153 самоубийцы
Молодой проповедник Тэнессон сказал в этот день одну из лучших своих проповедей, проповедь о дьяволе и его кознях. Он повторил известную уже нам историю о дьяволе, пытавшемся сделать свое адское дело под личиной доктора биологических наук Эрроусмита. Дьявол, в непомерной гордыне своей, захотел вовлечь верующих граждан штата, Канзас в свою борьбу против установленного господом богом порядка произрастания злаков и животных. Но господь, в неисчислимой своей благости, не допустил сатанинского наваждения, и искуситель навеки изгнан из города. Только одна, временно заблудшая сестра наша во Христе, мистрис Меррик, поддалась дьявольскому соблазну, за что и лишилась но воле божьей единственной своей козы. Она раскаивается в своем прегрешении, заблудшая сестра Меррик, и просят всех нас помолиться за нее. «Помолимся же за нашу сестру во христе, – закончил растроганно достопочтенный Тенессон, – будем просить господа нашего, чтобы он принял в свое стадо заблудшую сию овцу».
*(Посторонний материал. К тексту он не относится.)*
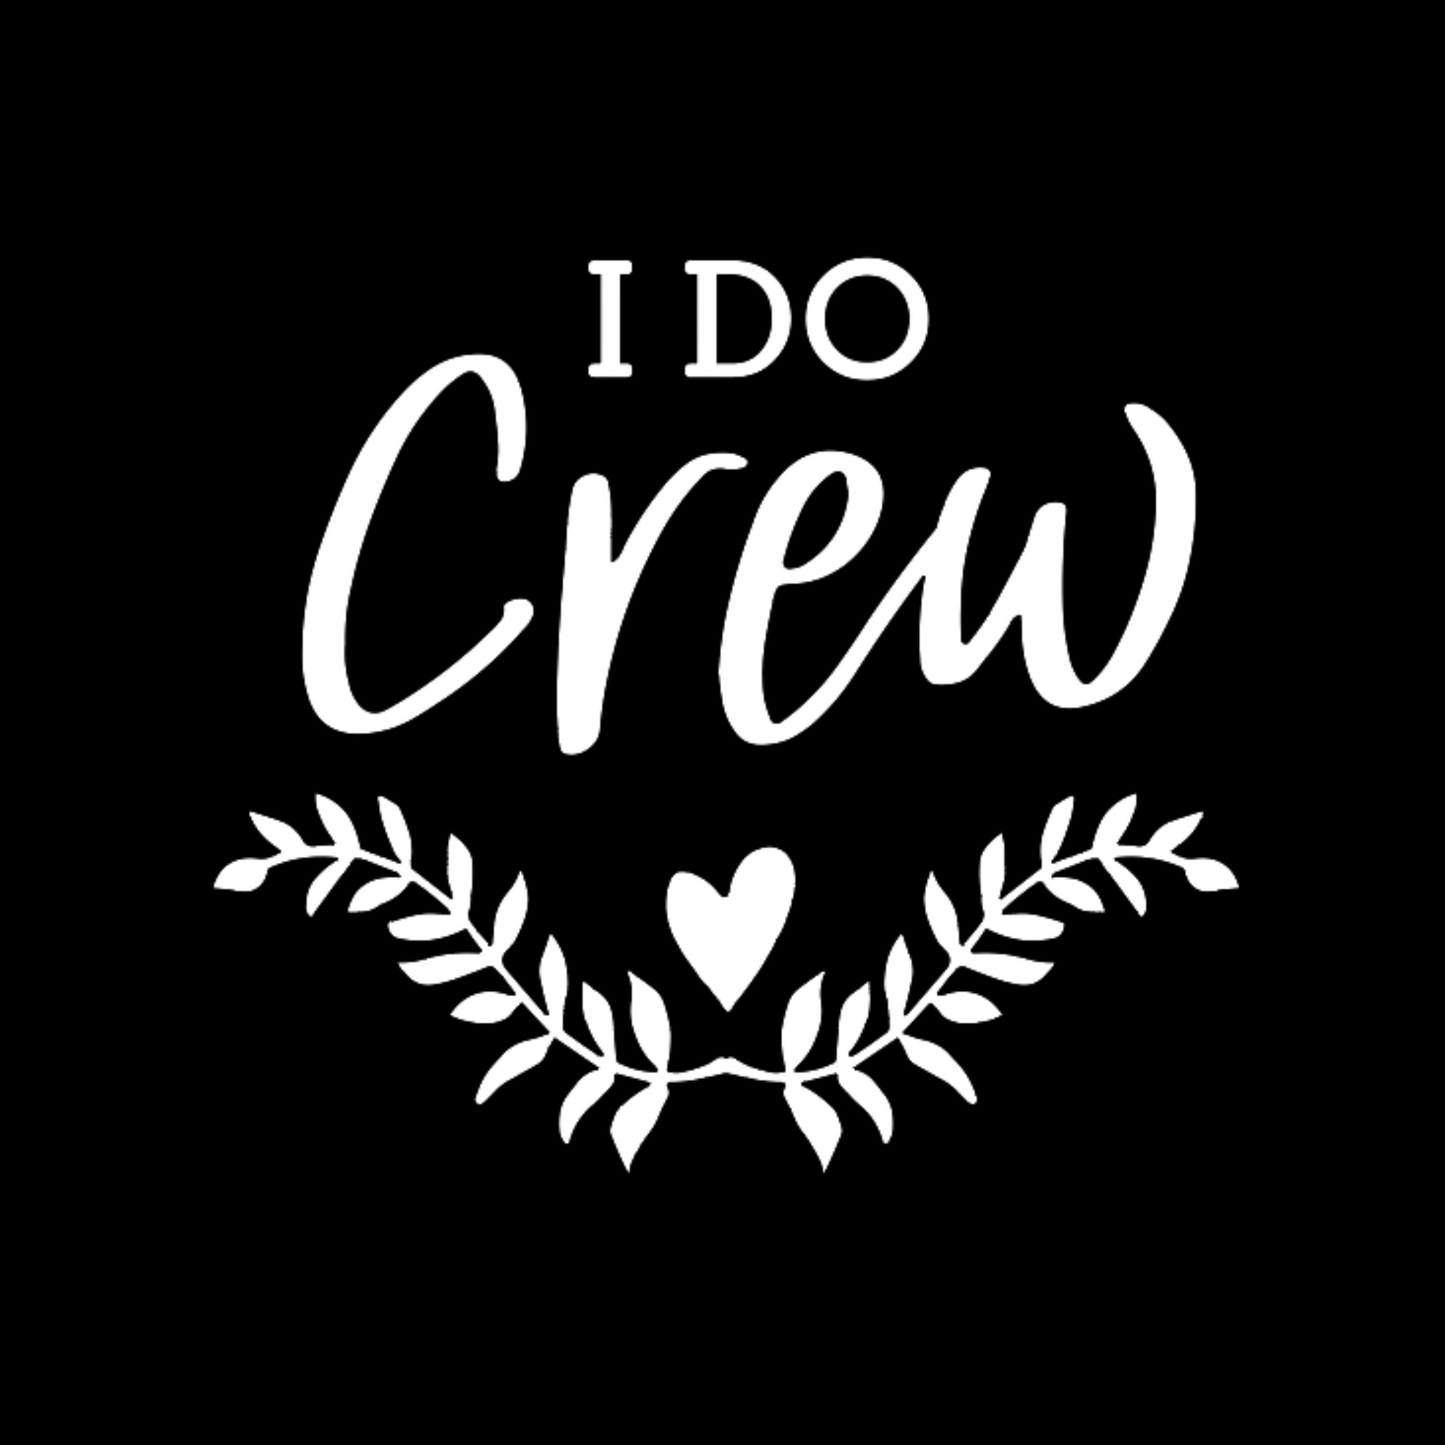 I Do Crew T-shirt I'm black. The front of the shirt has the saying "I do crew" on it with a small leafy garland below it with a heart in the middle. The design is in white. This is an image of the design alone in white on a black background.

– Молитесь за меня, братья мои и сестры, – воскликнула рыдая тетушка Меррик и упала на колени.
И вот в ту торжественную минуту, когда засопевшие от умиления простодушные прихожане вознеслись в тихой молитве в заоблачные высоты духа, сочный, пронзительный свист прорезал наступившую тишину. Потом громко хлопнула дверь.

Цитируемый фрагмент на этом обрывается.